Did I make any mistake? Part (a.) is fairly simple:

Fairly easy for a Vietnam TST #2: (a) For row $1\leq n\leq 2^k$, fill row $n$ with the first $k$ digits (append $0$ to beginning as needed) of $n-1$ in binary. Clearly, every binary string starts with at least one of these, and removing any row $n$ is impossible as the binary string that starts with $n-1$ in binary and then has zeroes will not be formed. (b) Ignore empty columns (i.e. assume it is a $m\times k$ grid), as the remaining columns provide no value. Induct on $k$: Base Case. $k=1$. If we have 3 rows, either two of them are the same, impossible, or there is a blank, which makes the other two rows redundant. Induction Step. Look at the first column, and assume there are $x$ blanks, $y$ zeroes, and $z$ ones. WLOG $y\leq z$. If $x+y<2^{k-1}$, then $z=m-2^{k-1}$, so if $m>2^k$, we know $z>2^{k-1}$ so by applying the Induction Hypothesis we get a contradiction. Thus if $m>2^k$ we have $x+y,x+z\geq 2^k$. Apply the induction hypothesis to the rows with the first column blank or 0, we get $x+y-2^{k-1}$ rows to remove. Similarly, with blank or ones we get $x+z-2^{k-1}$ rows. If any of these rows starts with a one or zero, we know it's unnecessary and can remove it, a contradiction. Thus all of these are blanks. If there is a blank row that can be removed from both sets, it can be removed entirely, absurd. Thus, the blank rows must be split between these two sets. In particular, $x+y-2^{k-1}+x+z-2^{k-1}\leq x$ implying $m=x+y+z\leq 2^k$ as desired.

naman12 wrote: Fairly easy for a Vietnam TST #2: (a) For row $1\leq n\leq 2^k$, fill row $n$ with the first $k$ digits (append $0$ to beginning as needed) of $n-1$ in binary.
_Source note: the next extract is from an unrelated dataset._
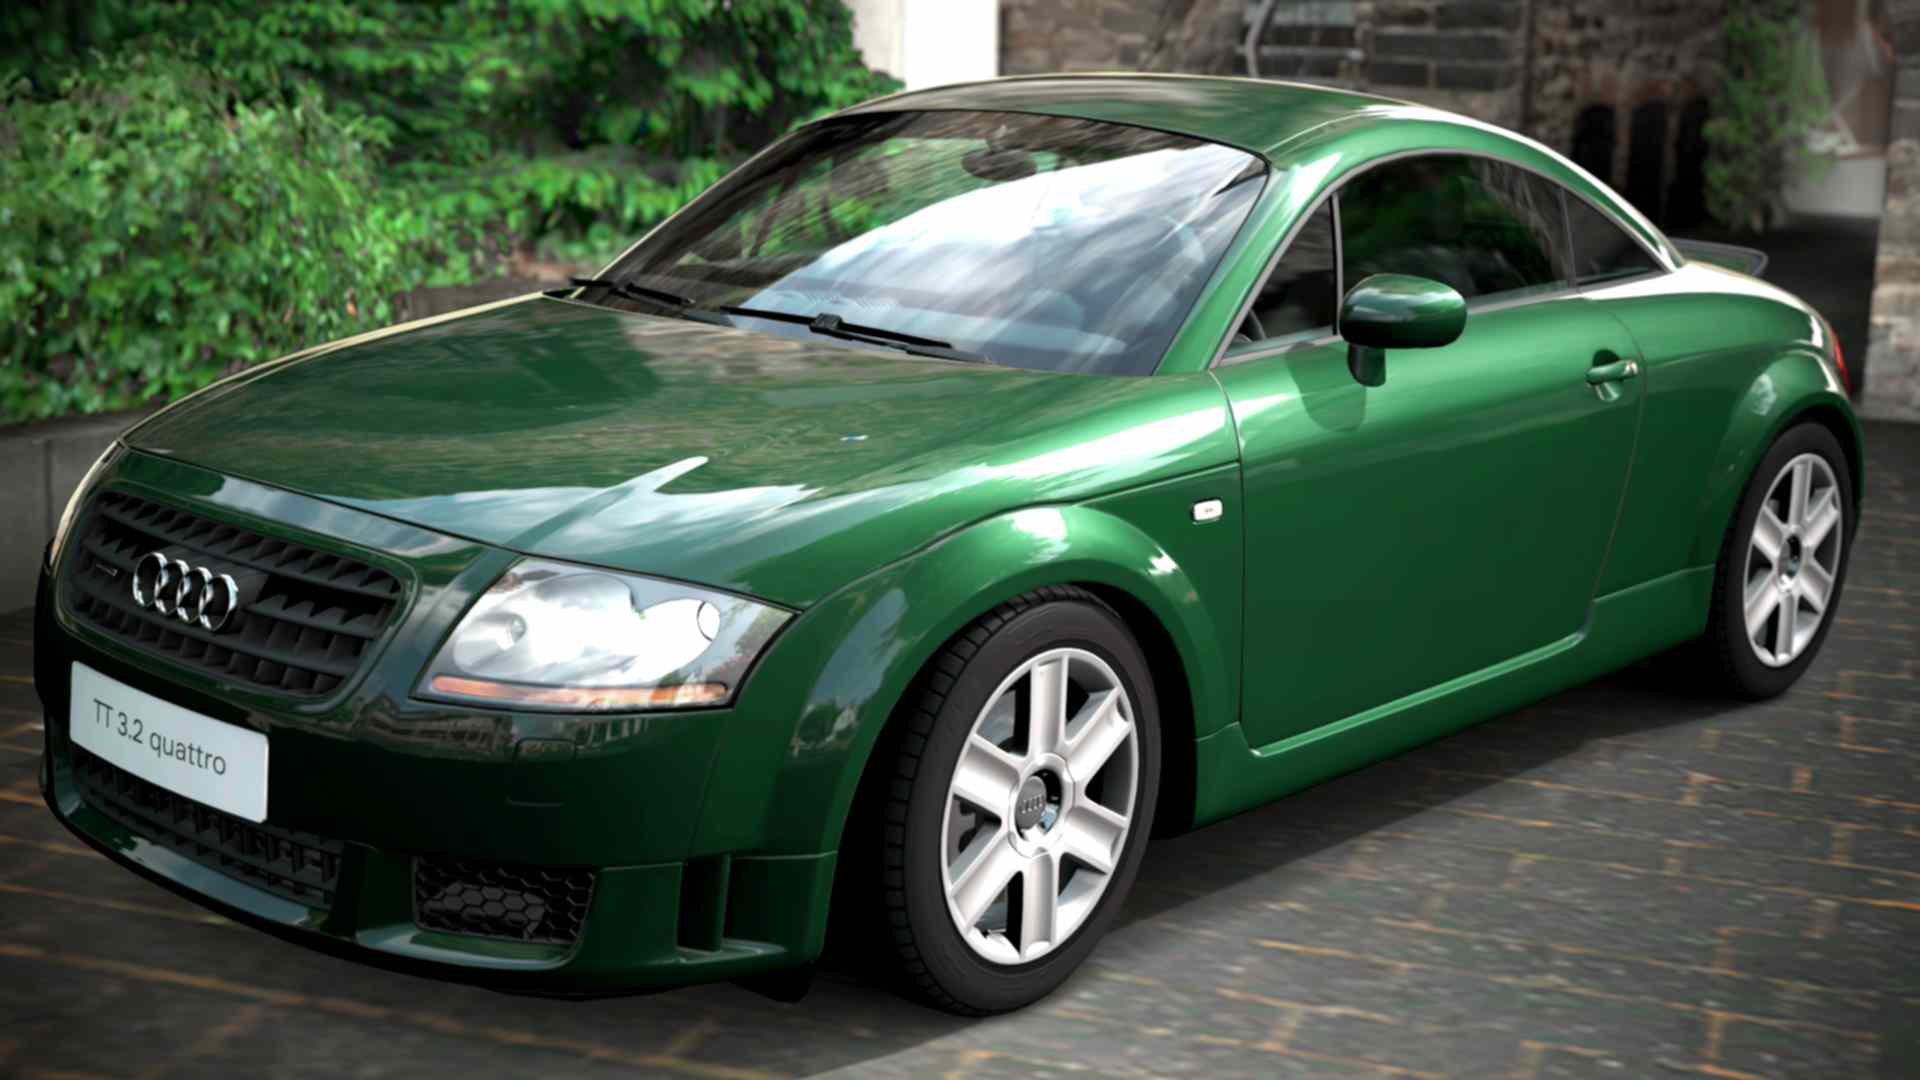 Olive Green Metallic Audi TT 3.2 Quattro

Clearly, every binary string starts with at least one of these, and removing any row $n$ is impossible as the binary string that starts with $n-1$ in binary and then has zeroes will not be formed. (b) Ignore empty columns (i.e. assume it is a $m\times k$ grid), as the remaining columns provide no value. Induct on $k$: Base Case. $k=1$. If we have 3 rows, either two of them are the same, impossible, or there is a blank, which makes the other two rows redundant. Induction Step. Look at the first column, and assume there are $x$ blanks, $y$ zeroes, and $z$ ones. WLOG $y\leq z$. If $x+y<2^{k-1}$, then $z=m-2^{k-1}$, so if $m>2^k$, we know $z>2^{k-1}$ so by applying the Induction Hypothesis we get a contradiction. Thus if $m>2^k$ we have $x+y,x+z\geq 2^k$. Apply the induction hypothesis to the rows with the first column blank or 0, we get $x+y-2^{k-1}$ rows to remove. Similarly, with blank or ones we get $x+z-2^{k-1}$ rows. If any of these rows starts with a one or zero, we know it's unnecessary and can remove it, a contradiction. Thus all of these are blanks. If there is a blank row that can be removed from both sets, it can be removed entirely, absurd. Thus, the blank rows must be split between these two sets. In particular, $x+y-2^{k-1}+x+z-2^{k-1}\leq x$ implying $m=x+y+z\leq 2^k$ as desired. When I see the title, I confused, did I make a fake solution?